Retype each entry verbatim. Do not include the images.

★ ★ ★ ★ ★

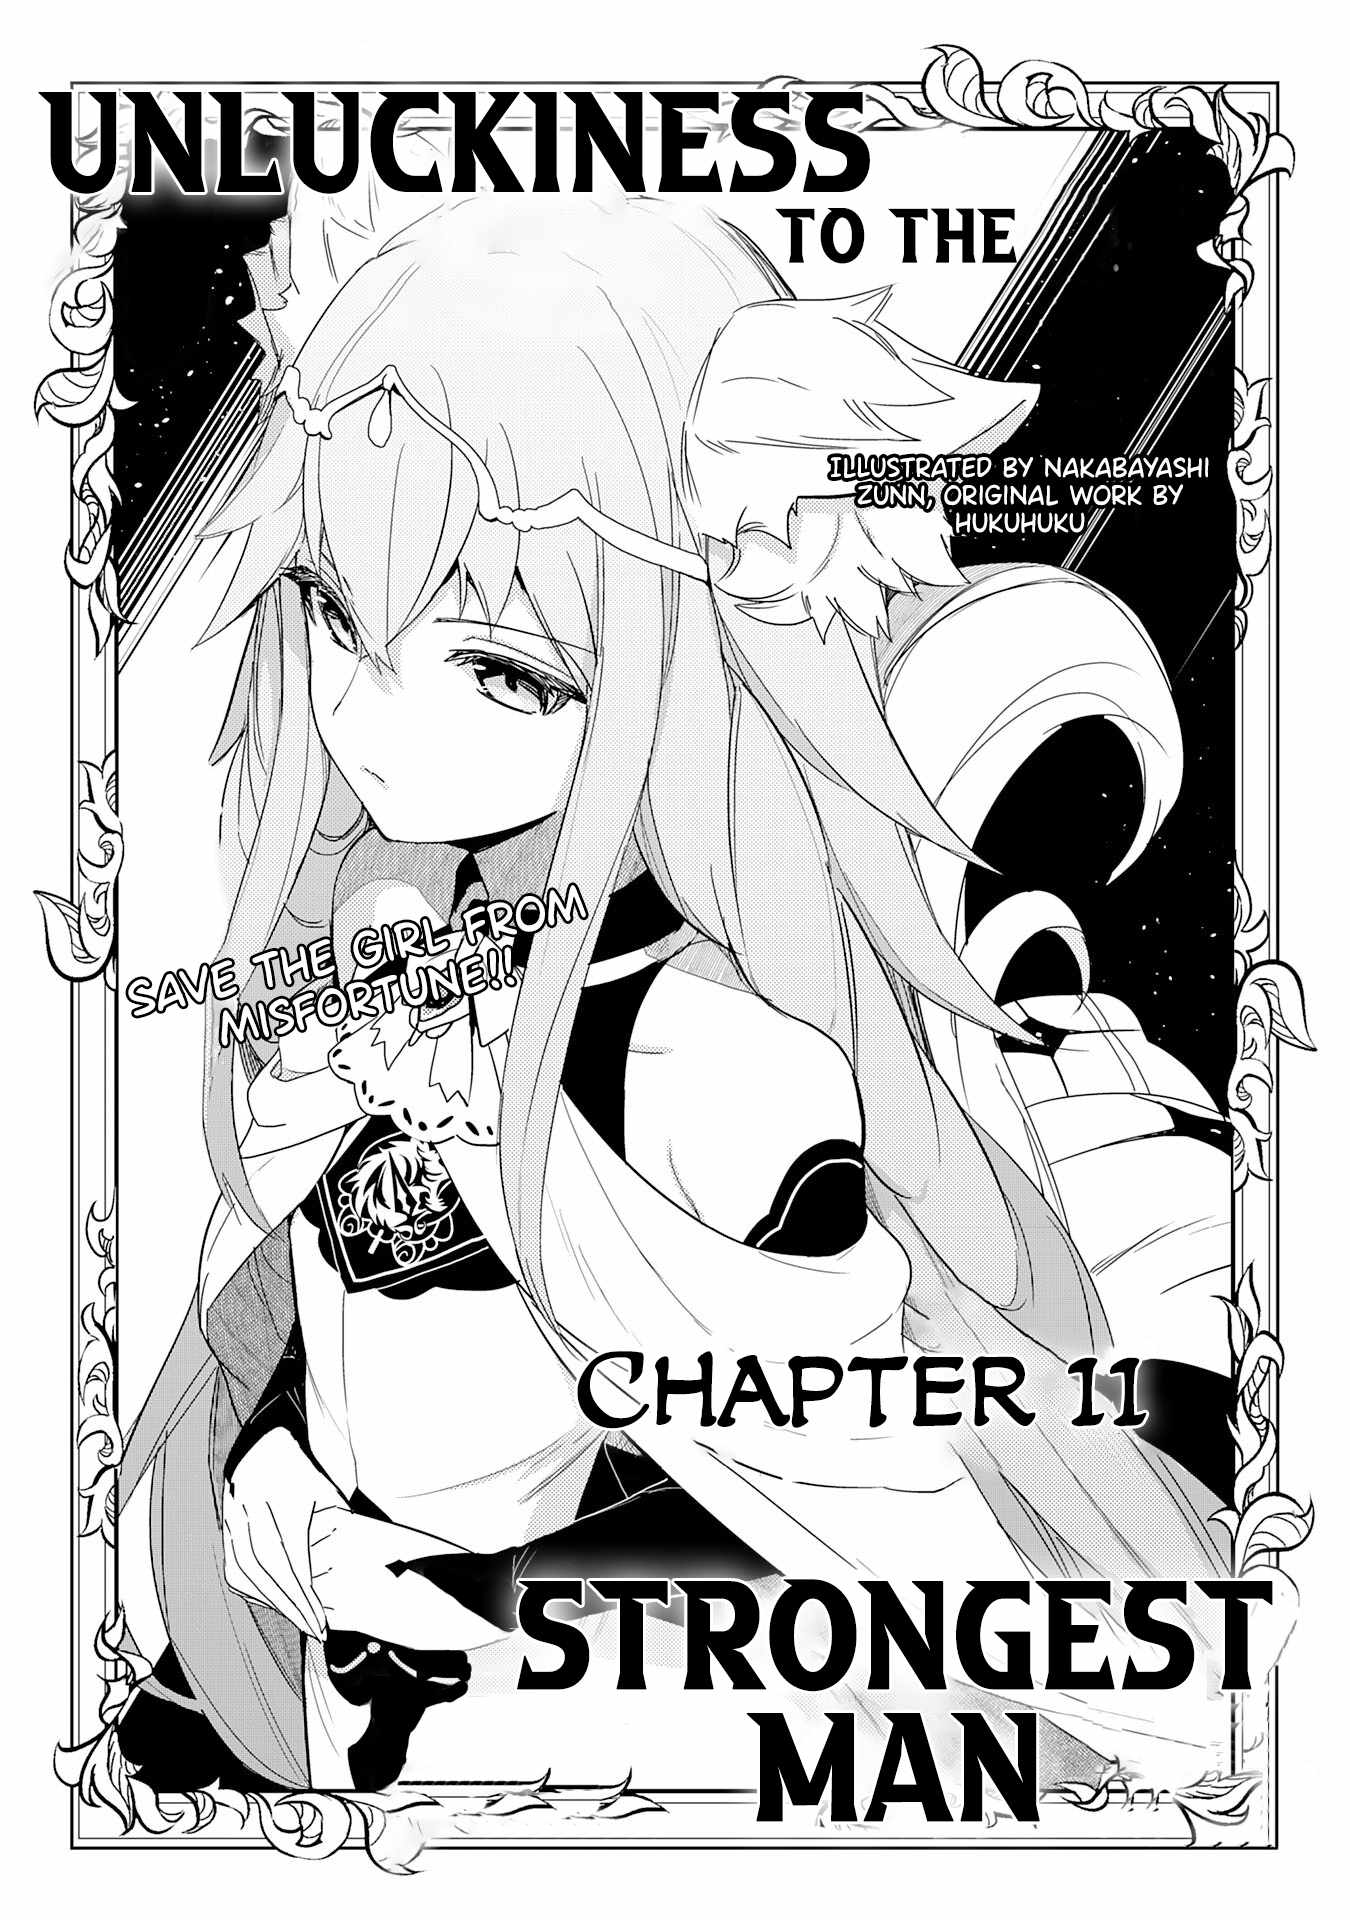 The Strongest Man, Born From Misfortune Chapter 11
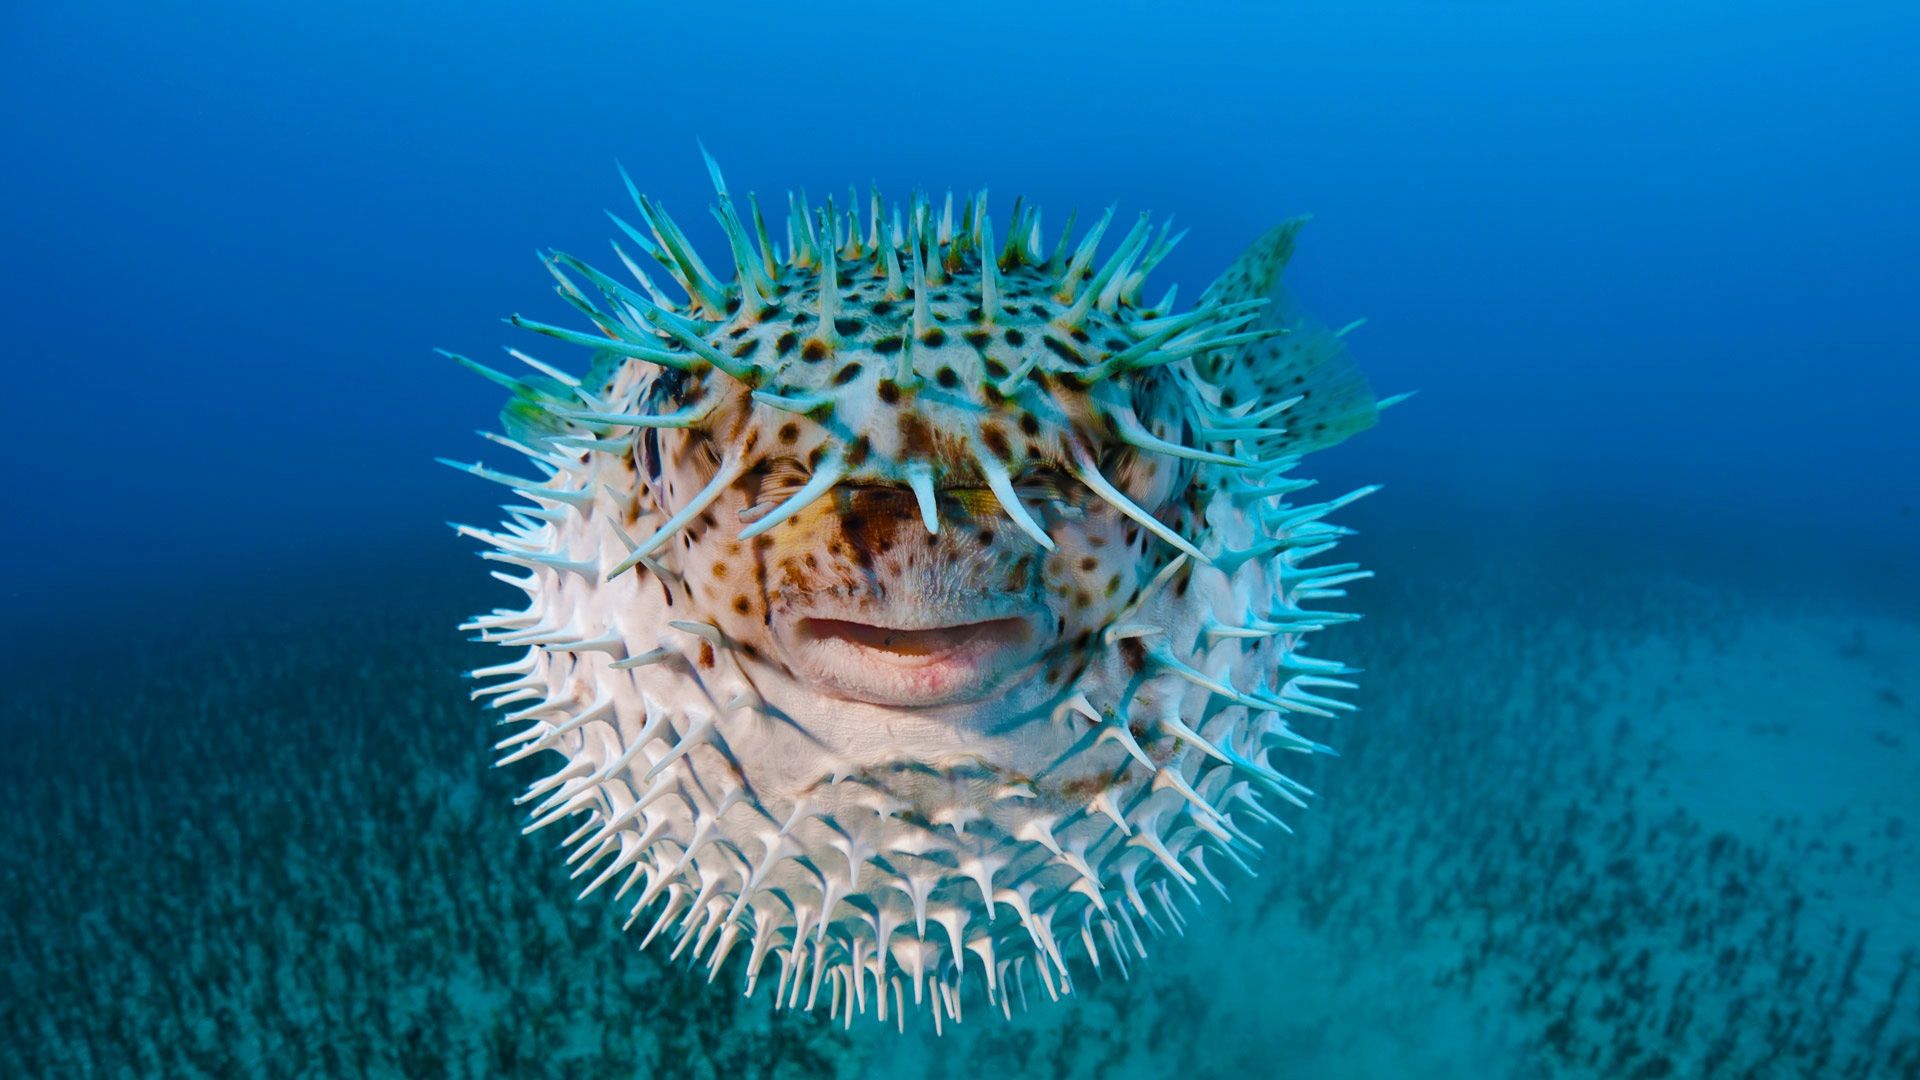 Blowfish Pictures  Download Free Images on Unsplash
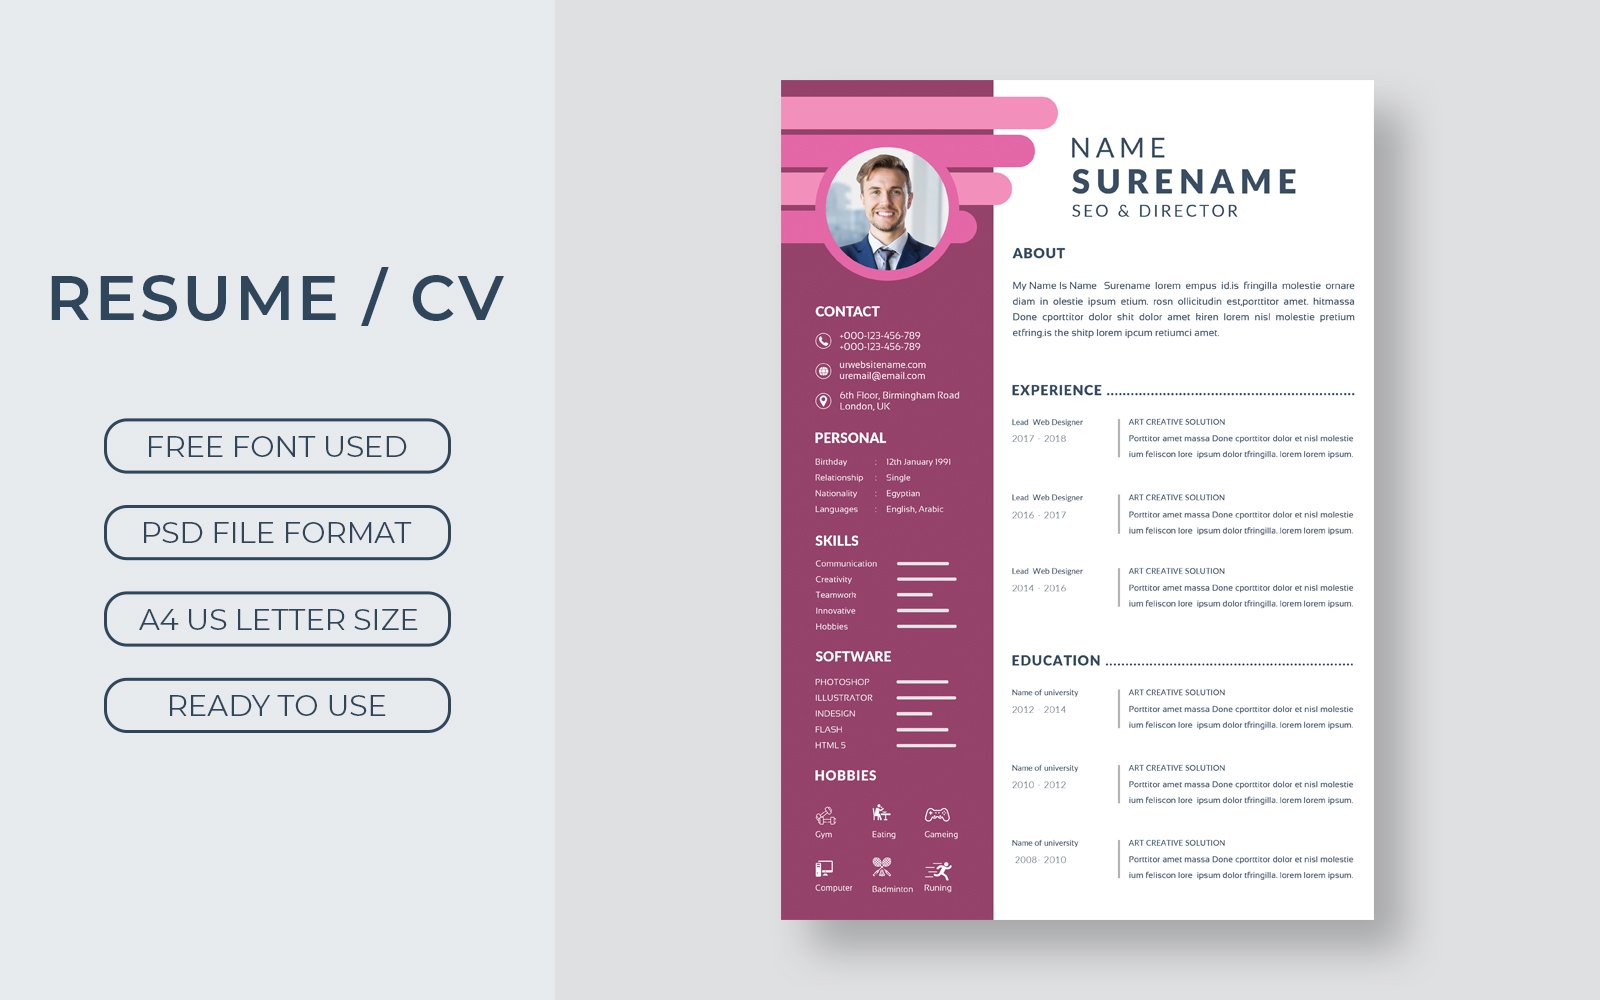 Template #281788 Resume A4 Webdesign Template - Logo template Preview
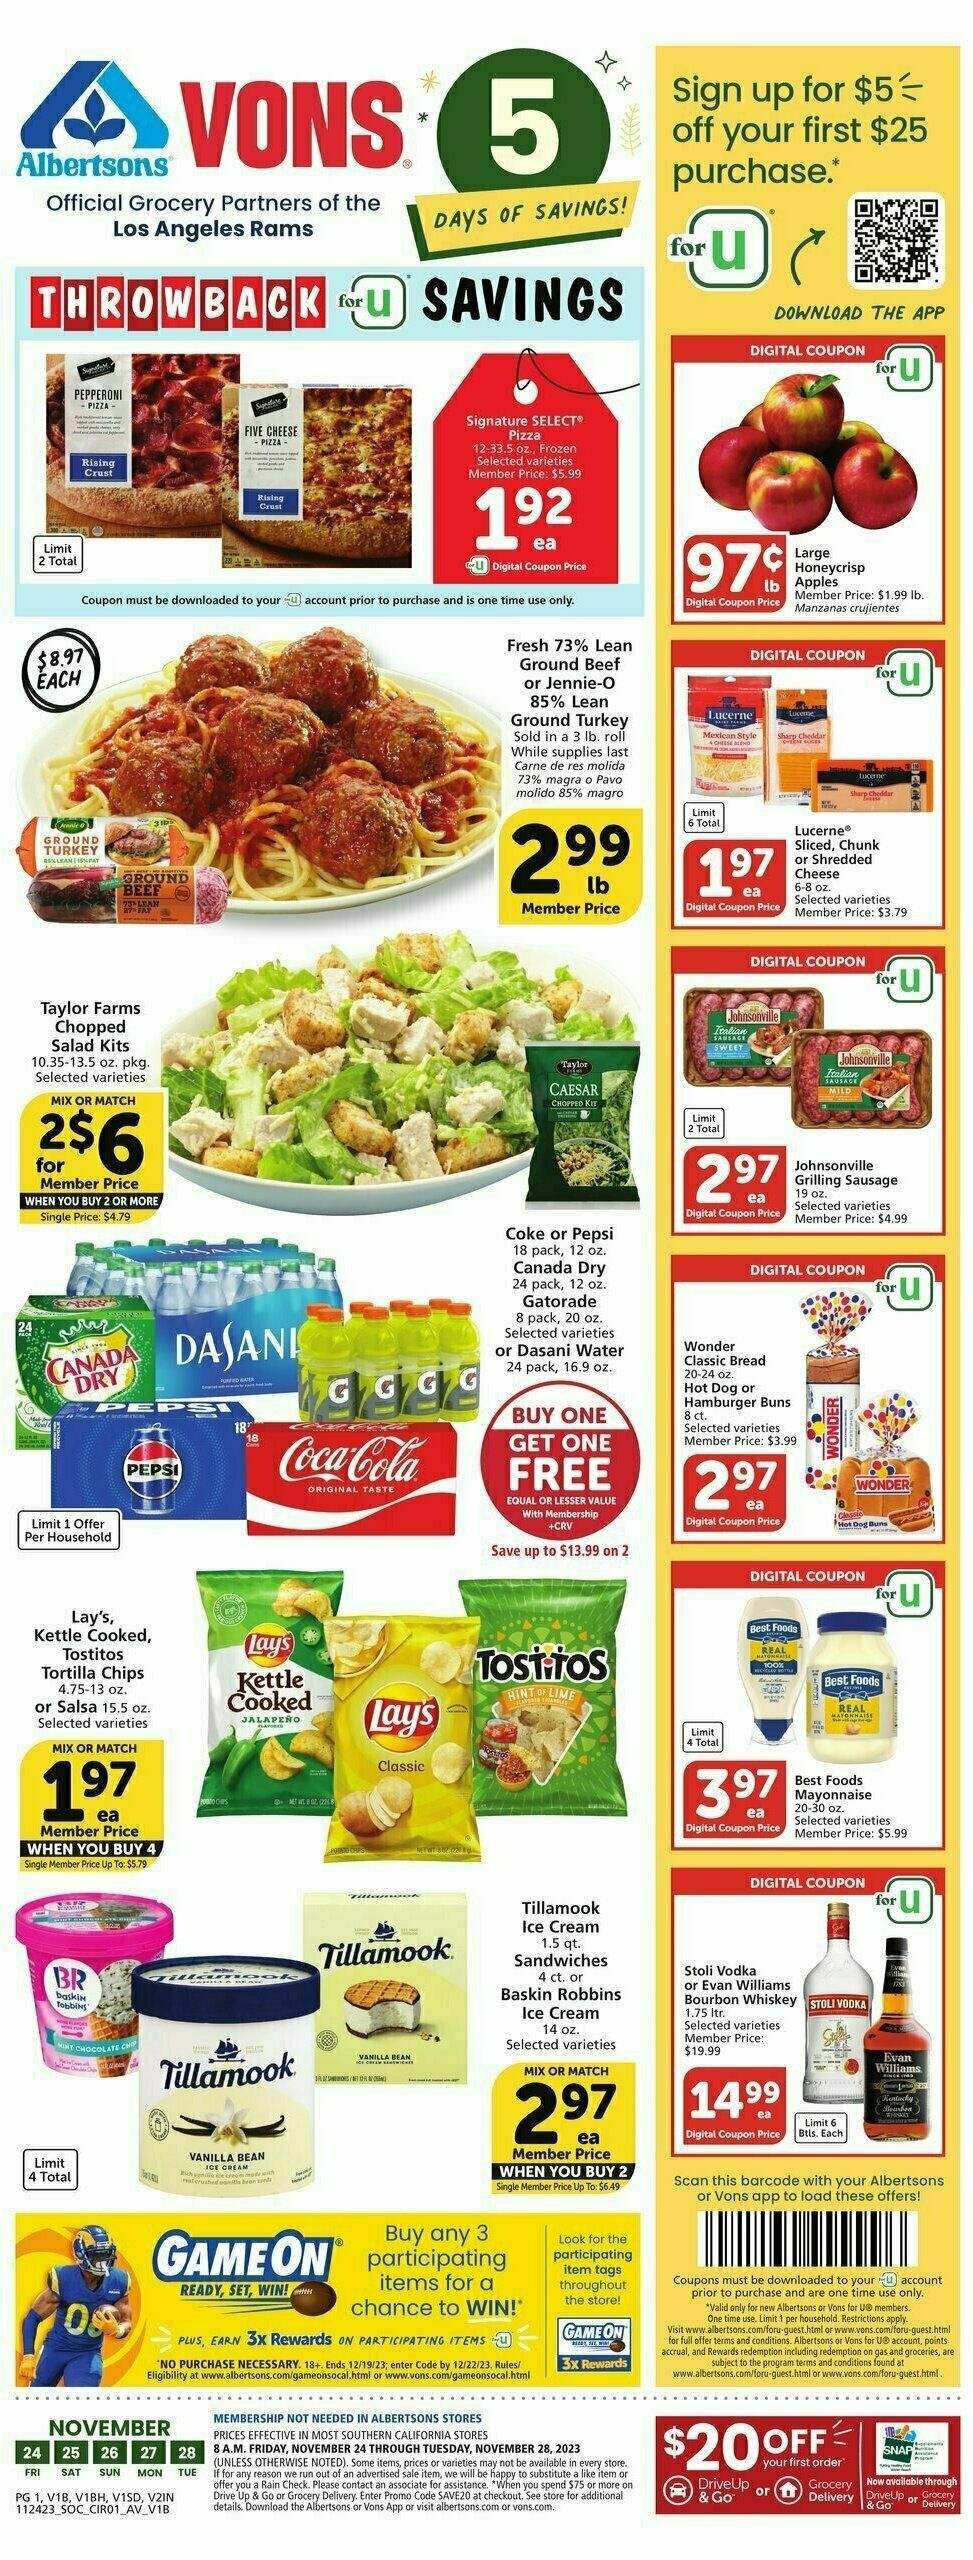 Vons Weekly Ad from November 24
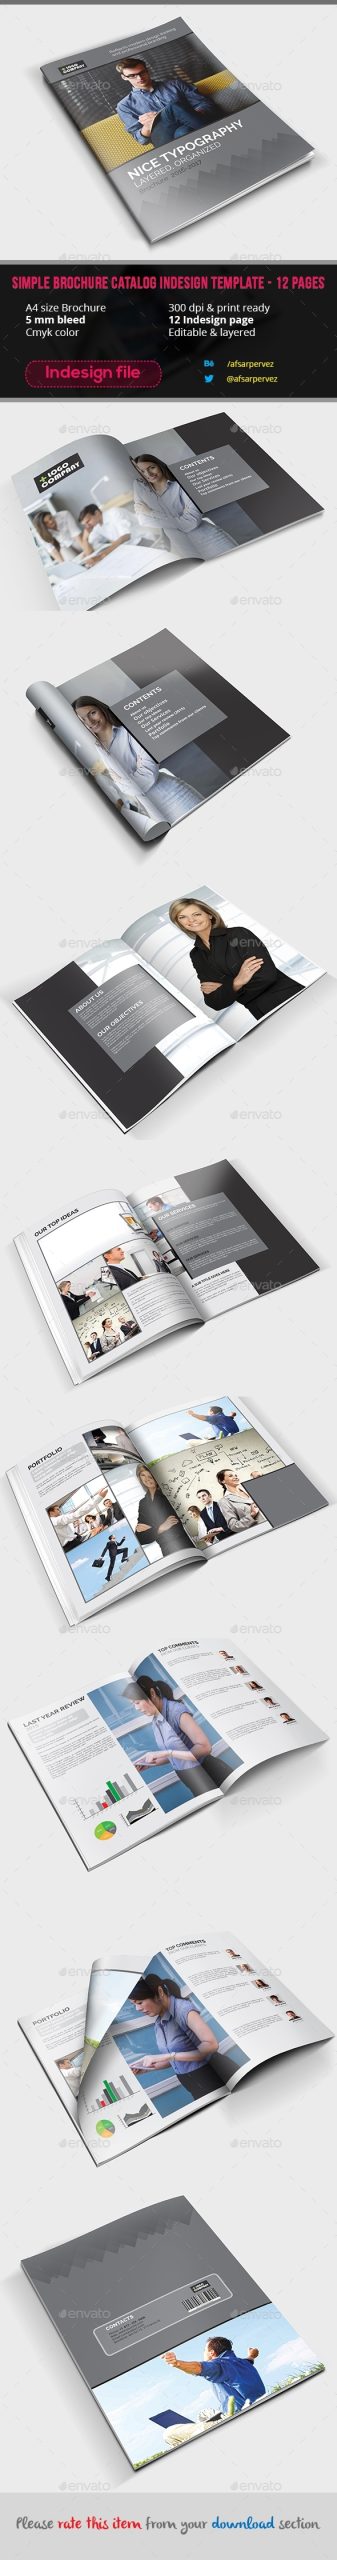 Simple Brochure Catalog Indesign Template - 12 Pages By Devinepixels For 12 Page Brochure Template

★ ★ ★ ★ ★

• [Exercise response]
 The Strongest Man, Born From Misfortune Chapter 11
 Blowfish Pictures  Download Free Images on Unsplash
 Template #281788 Resume A4 Webdesign Template - Logo template Preview
 Vons Weekly Ad from November 24
 Simple Brochure Catalog Indesign Template - 12 Pages By Devinepixels For 12 Page Brochure Template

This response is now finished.